Не укачивался на "Водолазе" только командир. Трудность там была еще в том, что выходили мы в море, как правило, именно в шторм, когда все другие жались к причалам в Кольском заливе. В те времена еще гудели вслед спасателю, идущему в штормовой океан на спасание. Эти гудки бодрили и заставляли думать об уважении к самому себе. Командир, заметив, что штурман (я командовал боевой частью I, IV и службой "Р", то есть штурманской БЧ, БЧ связи и службой радиолокации) укачивается, старался пускать папиросный дым своего "Беломора" мне точно в нос при малейшей к тому возможности.
Не знаю, командирский омерзительный дым в тесной рубке помог или просто произошла адаптация к невесомости, как у космонавтов, но после третьего выхода на спасение я никогда уже в жизни не укачивался, хотя меня потом и вверх ногами в ураган переворачивало. Травил еще раза два, но это от перенапряжения физического или с похмелья. Есть только очень хочется - между прочим тоже, симптом ненормальности состояния организма, хотя и не болезненный. Вообще же врачебная наука считает, что морская болезнь не имеет летального исхода.
Но вот однажды мы стояли на якоре далеко от берега. На борту нашего спасателя работали три береговых специалиста - монтировали трансляционную установку. Мы сорвались с якоря по тревоге и не смогли ссадить рабочих - не было времени. Все трое раньше никогда в море не ходили. А тут сразу угодили в одиннадцать баллов в Баренцевом зимой. Один стенал, стонал, ползал по всем внутренним помещениям, умолял о помощи, но не до него было, ибо "не имеет летального исхода". Только посмеивались, наверное, над беднягой остряки-матросы. Он забился под стол в кают-компании и умер там. Сердце не выдержало рвотных спазмов пустого желудка, дурноты, желчи во рту, безнадежности одиночества в страданиях.
Психика и в этом деле играет огромную роль. Я, например, убежден, что еще раньше преодолел бы укачивание, если бы не четыре слова боцмана на шхуне "Учеба", когда мы первый раз вышли в Маркизову лужу. Была безветренная зыбь, лето. Боцман собрал нас в шкиперской в самом носу - тягучий запах смолы, краски, растворителей, жара, пот - и начал учить вязать морские узлы. Кое-кто из нас (шестнадцать лет в среднем нам было) начал бледнеть. И боцман сказал мне: "Будешь укачиваться, удирай домой!" Гипнотической силой оказались его дурацкие слова наполнены: начинаешь думать о приступе болезни еще до того, как судно концы отдаст, - страх, внушение…

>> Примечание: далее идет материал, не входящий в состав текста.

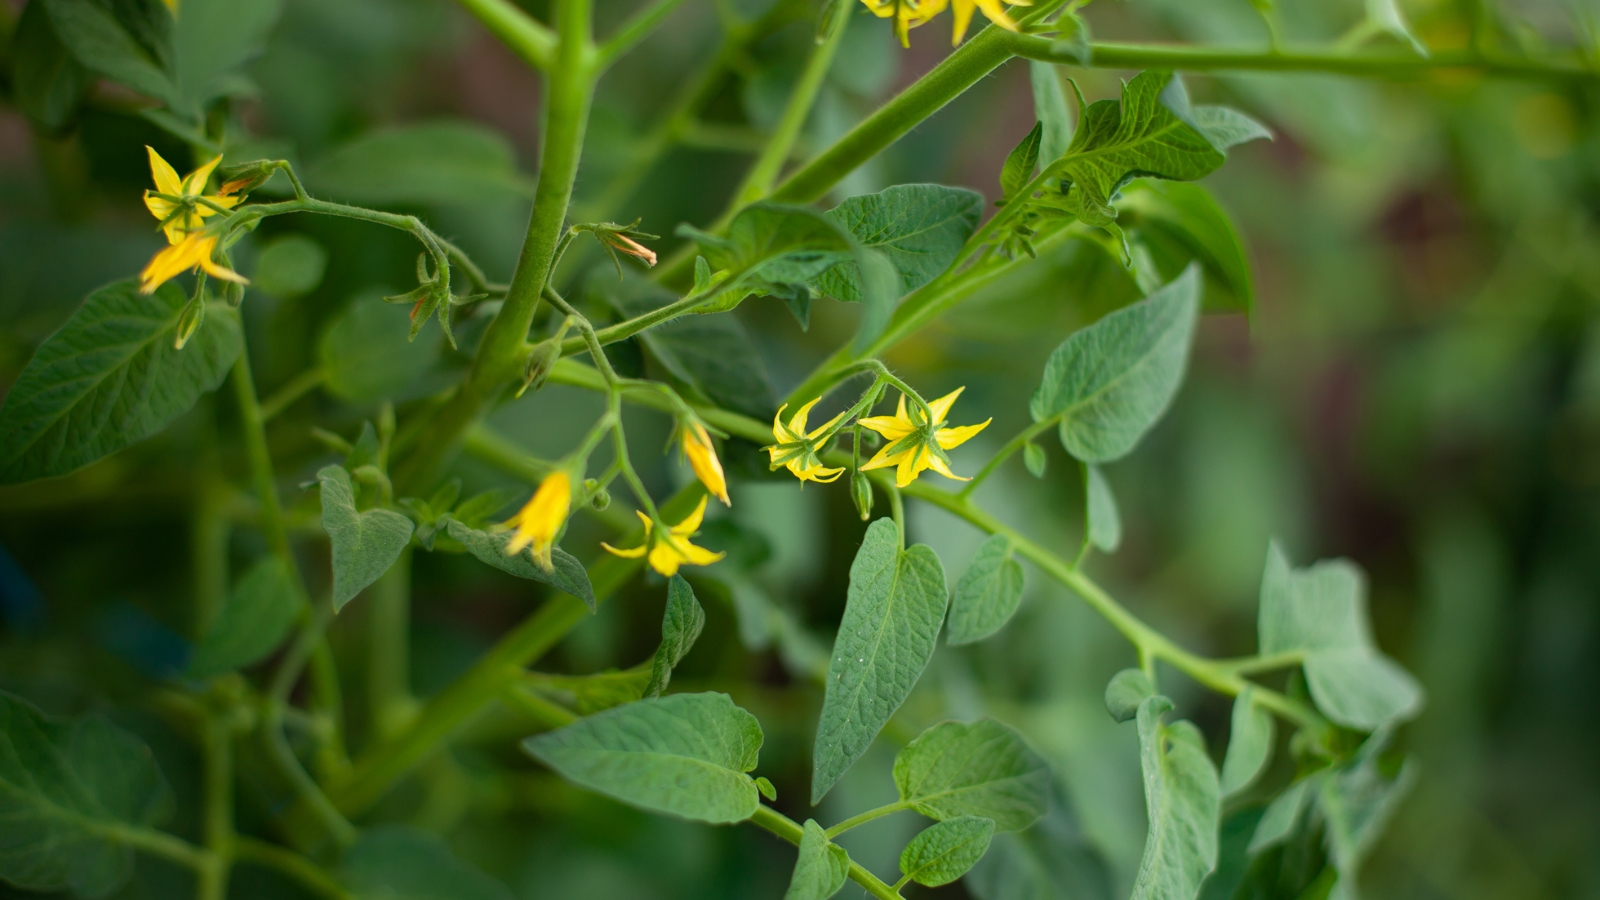 Tomato plant with yellow flowers blooming in the garden

Недавно знакомый режиссер снимал фильм о ленинградских лоцманах и поинтересовался их мнением обо мне. Лоцмана сказали, что меня знают, много раз встречали и провожали, перешвартовывали и книжки мои читали. Книги неплохие, но плохо, что я укачиваюсь сразу за Кронштадтом - в Маркизовой еще луже. Боже, как я взбесился! И до сих пор бешусь. Ну зачем врут?.. Хотя понятно все. Если человек пишет книги - значит, он обязательно должен быть хоть в чем-нибудь слюнтяем и очкариком.